Hay muchas preguntas en el aire sobre el cuarto Presupuesto desde que estalló la crisis en 2008. ¿Por qué si la Junta prevé un comportamiento de la economía peor que el del año pasado decide ahora cambiar el paso y hacer un presupuesto en positivo? Hace un año el Gobierno andaluz confió en un crecimiento del 1,3% del PIB (el dato del primer trimestre señala que fue del 0,2%) y sin embargo decidió dar un drástico tijeretazo a sus cuentas, con 2.000 millones de euros menos. Ahora, el Ejecutivo de José Antonio Griñán reduce su optimismo, habla de un crecimiento para 2012 del 1% del PIB y sin embargo decide moderar su ahorro e incrementar su Presupuesto en un 1,2% (390,5 millones de euros más). Traducido: la cosa va a peor, pero gastamos más. ¿Y por qué justo ahora que está más próximo el año tope (2013) fijado por Bruselas para meter en vereda las cuentas públicas decide el Gobierno andaluz disparar su endeudamiento cuando el año pasado se contuvo notablemente y explicó que era fundamental mantener la deuda a raya?

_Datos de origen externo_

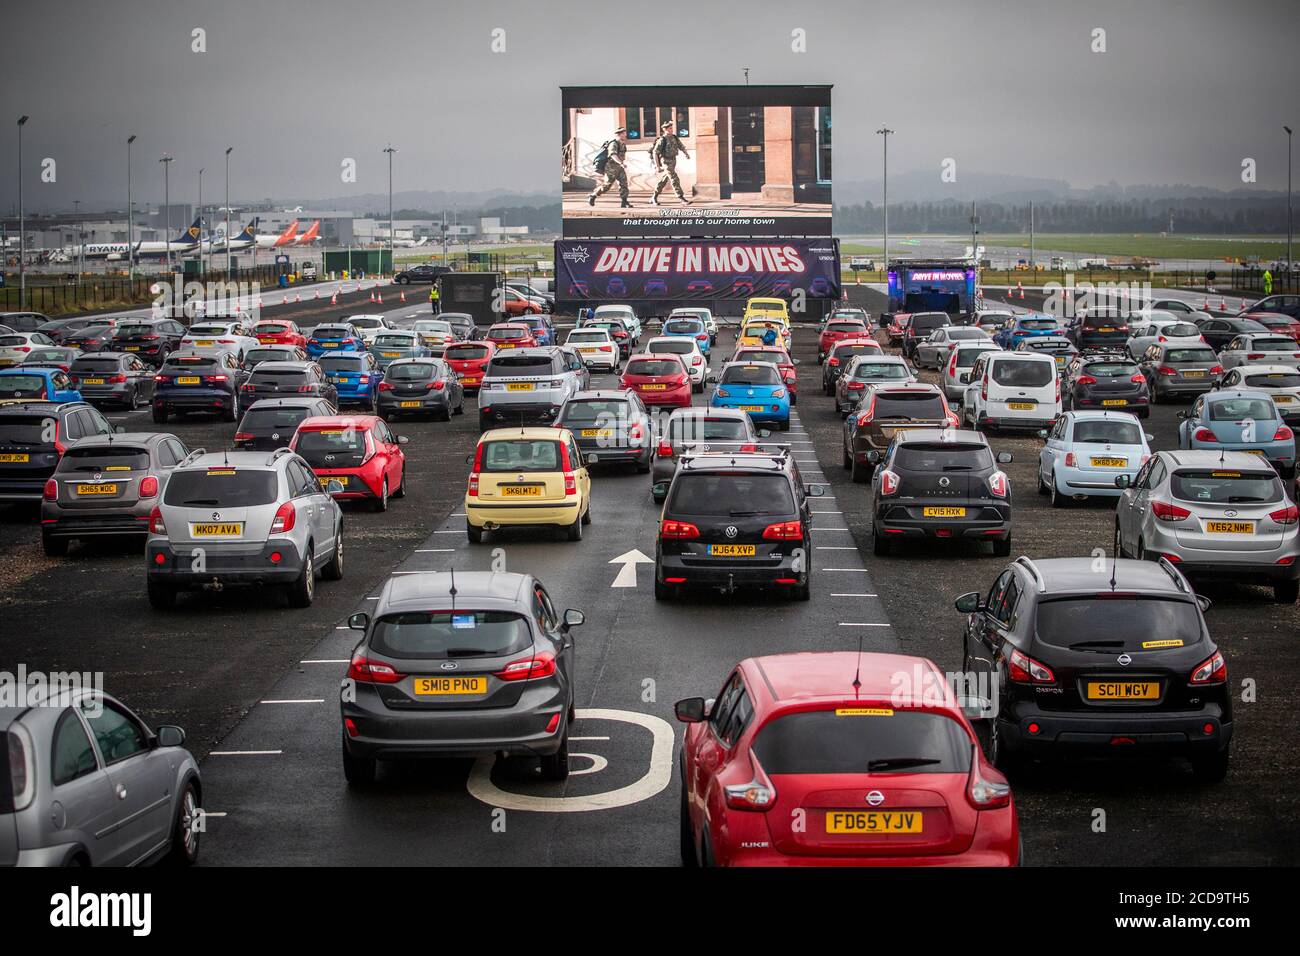 Movie-goers watch the film Sunshine On Leith in their cars at the socially distanced Drive-in Movie arena which has been set up at Edinburgh Airport as part of the Edinburgh International Film Festival. Stock Photo
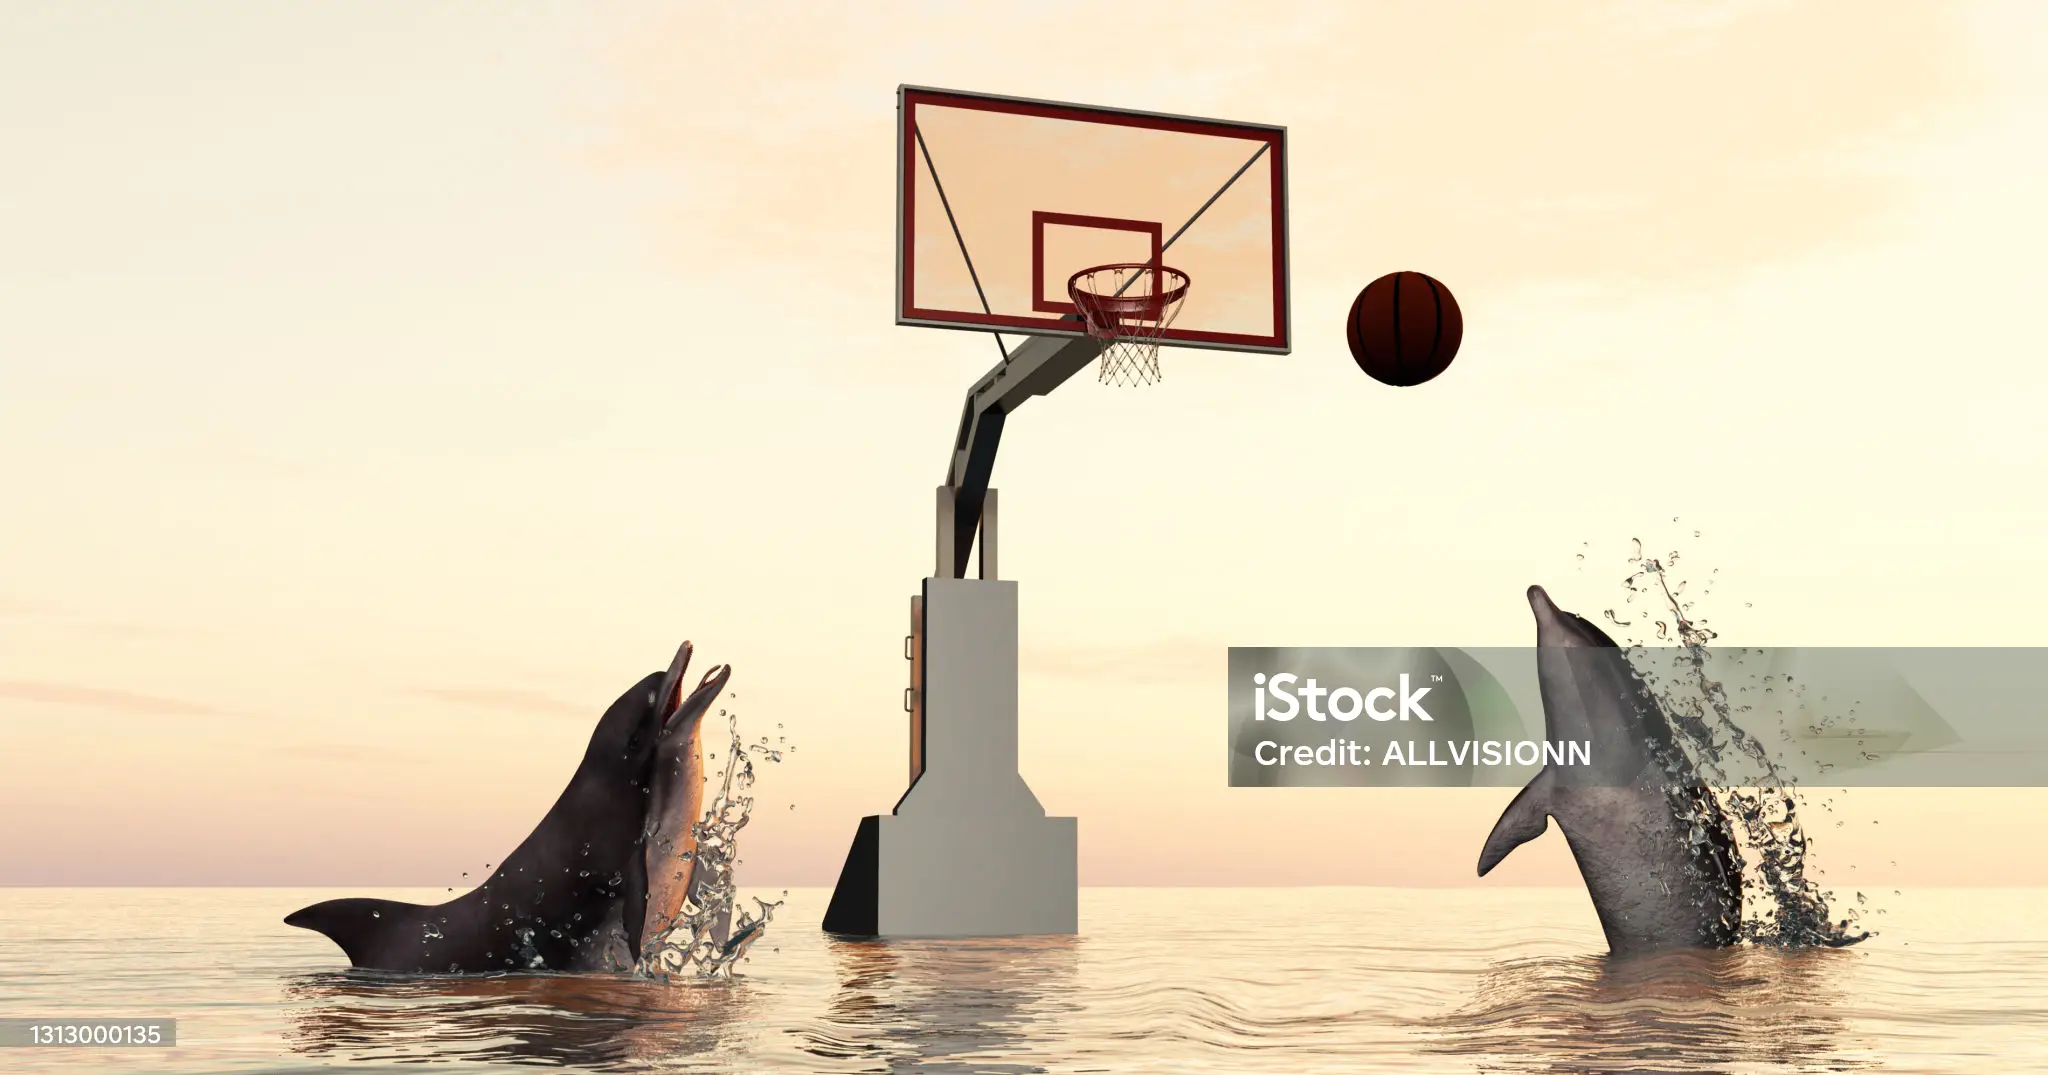 dolphins-playing-basketball-in-the-ocean-this-is-a-3d-render-illustration.webp

Justo ahora que Bruselas tiene enfilada a las comunidades por un supuesto gasto excesivo, el Gobierno andaluz se desmelena y decide endeudarse -todo lo que le permite su compromiso de estabilidad, eso sí- alegando además que los otros -Valencia, Madrid o Cataluña- tienen más deuda por habitante. ¿Tiene algo que ver con esta decisión de relajar las medidas de austeridad el hecho de que haya elecciones pronto? Y ¿por qué precisamente este año, cuando se roza el millón de parados, no hay previsiones sobre qué ocurrirá con el empleo, si lo normal es que siempre las haya? Griñán enseñó en el Parlamento la filosofía de sus cuentas: explicó que creía que se habían estado buscando soluciones a la crisis en el sitio equivocado y animó a dejar de lado tanto "recorte, recorte, recorte". Hasta tres veces lo repitió como conjurando a los tan traídos y llevados mercados, a los que seguro escandaliza muchísimo esa afirmación, tampoco sé muy bien por qué, claro. Sonó de fondo eso que dijo Rubalcaba de qué quizás los gobiernos se estaban pasando en la dosis de ahorro.

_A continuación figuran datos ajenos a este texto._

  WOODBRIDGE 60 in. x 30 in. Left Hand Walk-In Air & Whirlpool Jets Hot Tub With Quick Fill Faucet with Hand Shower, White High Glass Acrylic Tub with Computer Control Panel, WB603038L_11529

Un mensaje que muestra un giro a la izquierda, de nuevo en antesala de elecciones, y que puede llevar a pensar a que el PSOE puede tratar de buscar una alianza con IU en el Parlamento andaluz para sacar adelante las cuentas de 2012. Seguro que son imaginaciones pero allí estaba Diego Valderas junto a otros diputados de su grupo esperando a tomar asiento en el despacho de Carmen Martínez Aguayo el pasado viernes cerca de la una de la tarde. Además Griñán aseguró que seguirán la senda de su política fiscal, un camino a la izquierda -de nuevo-, gravando más a quienes más tienen, más ganan y más heredan.

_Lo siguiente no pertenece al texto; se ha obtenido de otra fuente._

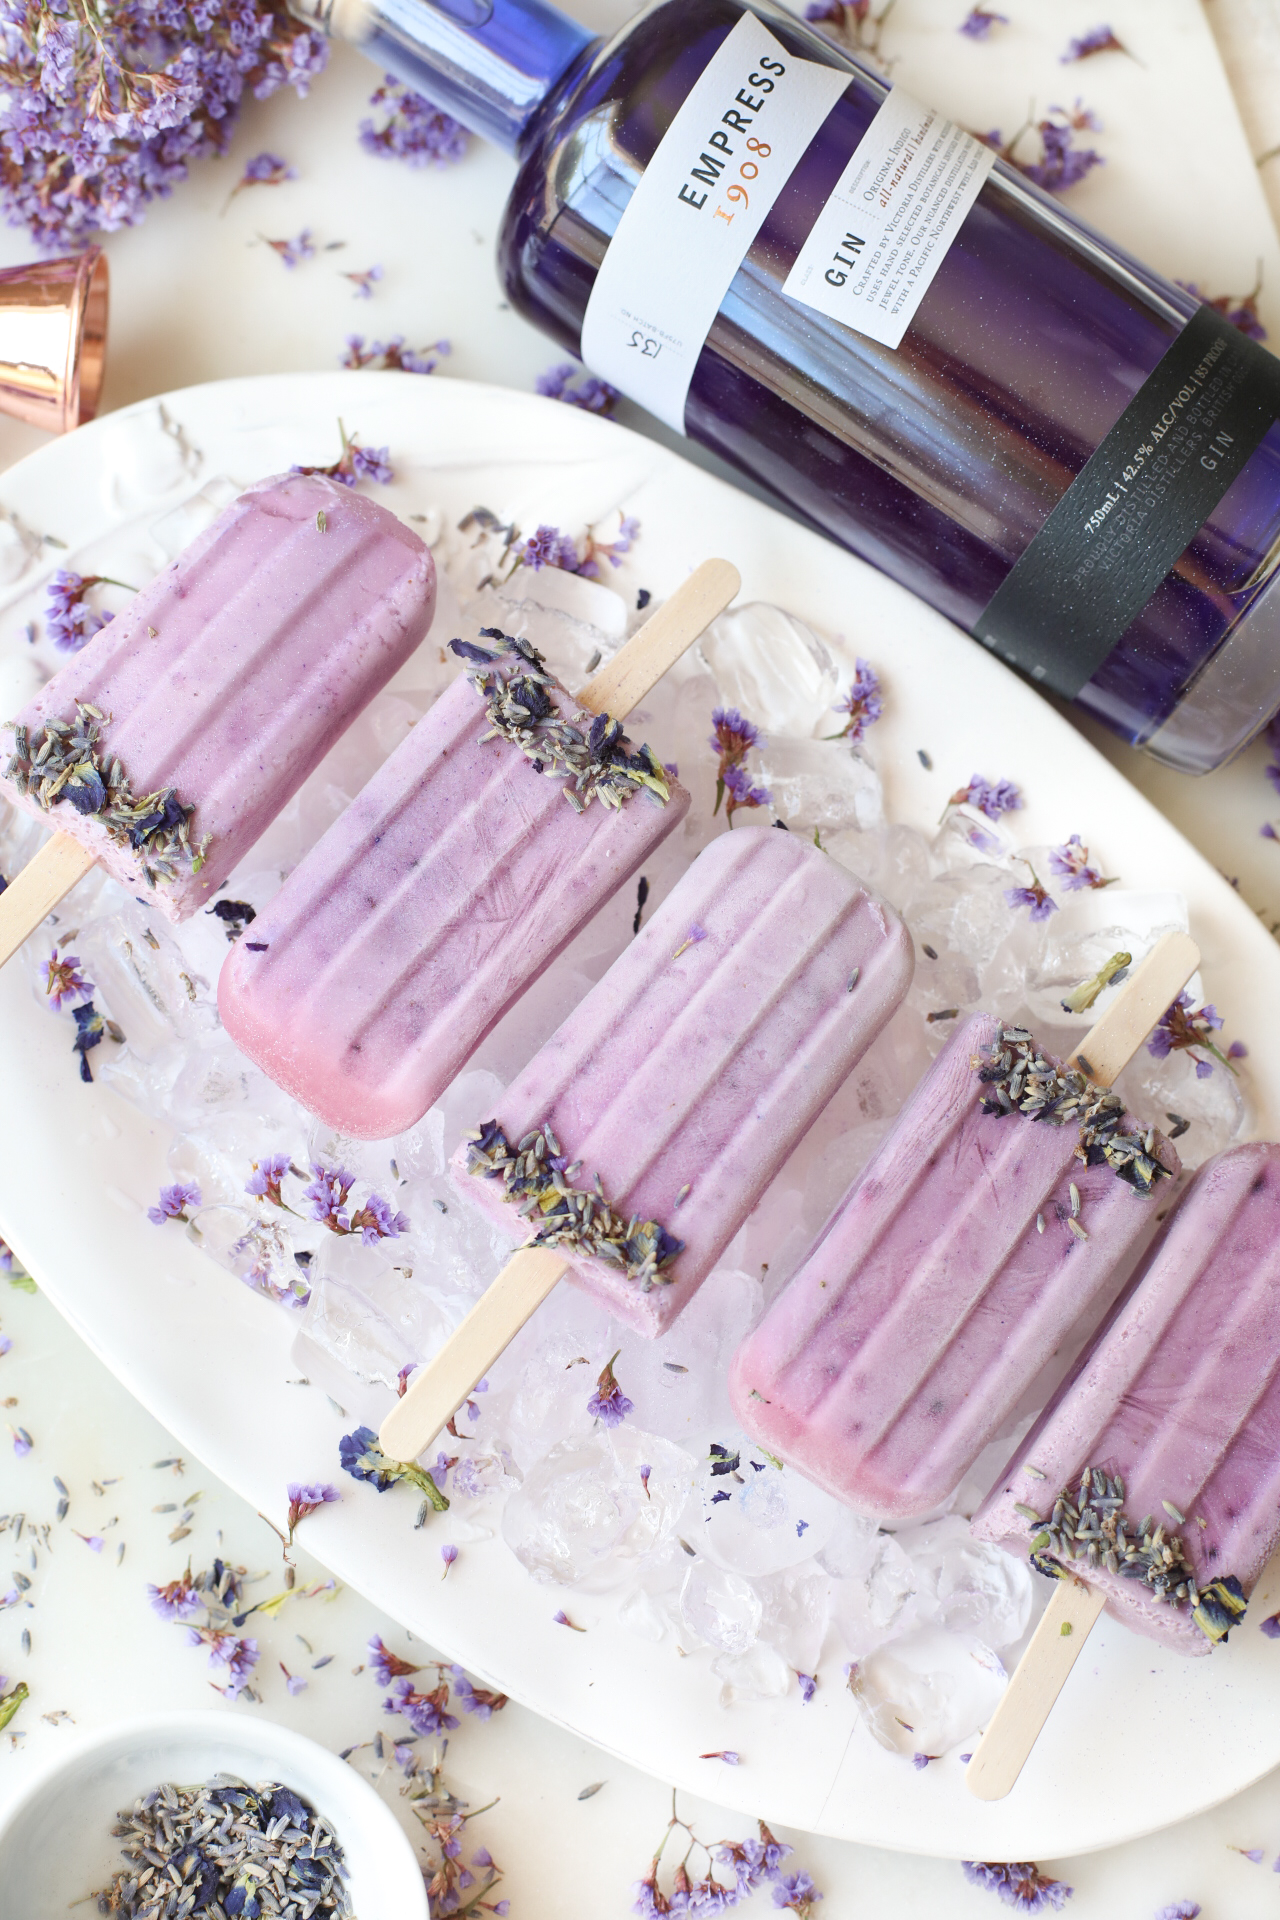 Boozy Lavender Blueberry Creamsicles made with Empress Gin. #creamsicles #dessert #lavender #blueberry #gin

Y entre tanta pregunta no se escapará el Partido Popular de rositas. Porque ¿qué es más "irresponsable" que el Gobierno no prorrogue los Presupuestos Generales del Estado escudándose en la cita electoral del 20-N o la decisión de los barones populares de eludir la responsabilidad de hacer sus cuentas para no comprometer la victoria electoral de Mariano Rajoy y evitar recetas anticrisis que pueden disgustar a los votantes? Desahogo el de Extremadura, que ha admitido públicamente que lo tiene hecho y guardado en el cajón. Y si tan segura es la victoria electoral del PP el mes que viene, por qué no dice el futuro presidente, señor Rajoy, qué va a ocurrir con la previsión de crecimiento, si el sueldo de los funcionarios va a seguir congelado o si se va a mantener el Impuesto de Patrimonio como salvavidas de las cuentas. Y si Arenas lleva meses con traje de presidente proponiendo un debate constructivo y un pacto ¿cómo es posible que a la primera de cambio filtren de forma sesgada parte de la ley de Presupuesto insinuando que se privatizará la RTVA y dejando claro que los funcionarios no cobrarán más? Lo dicho: Señores Sargent y Sims, socorro, podría su Nobel responder.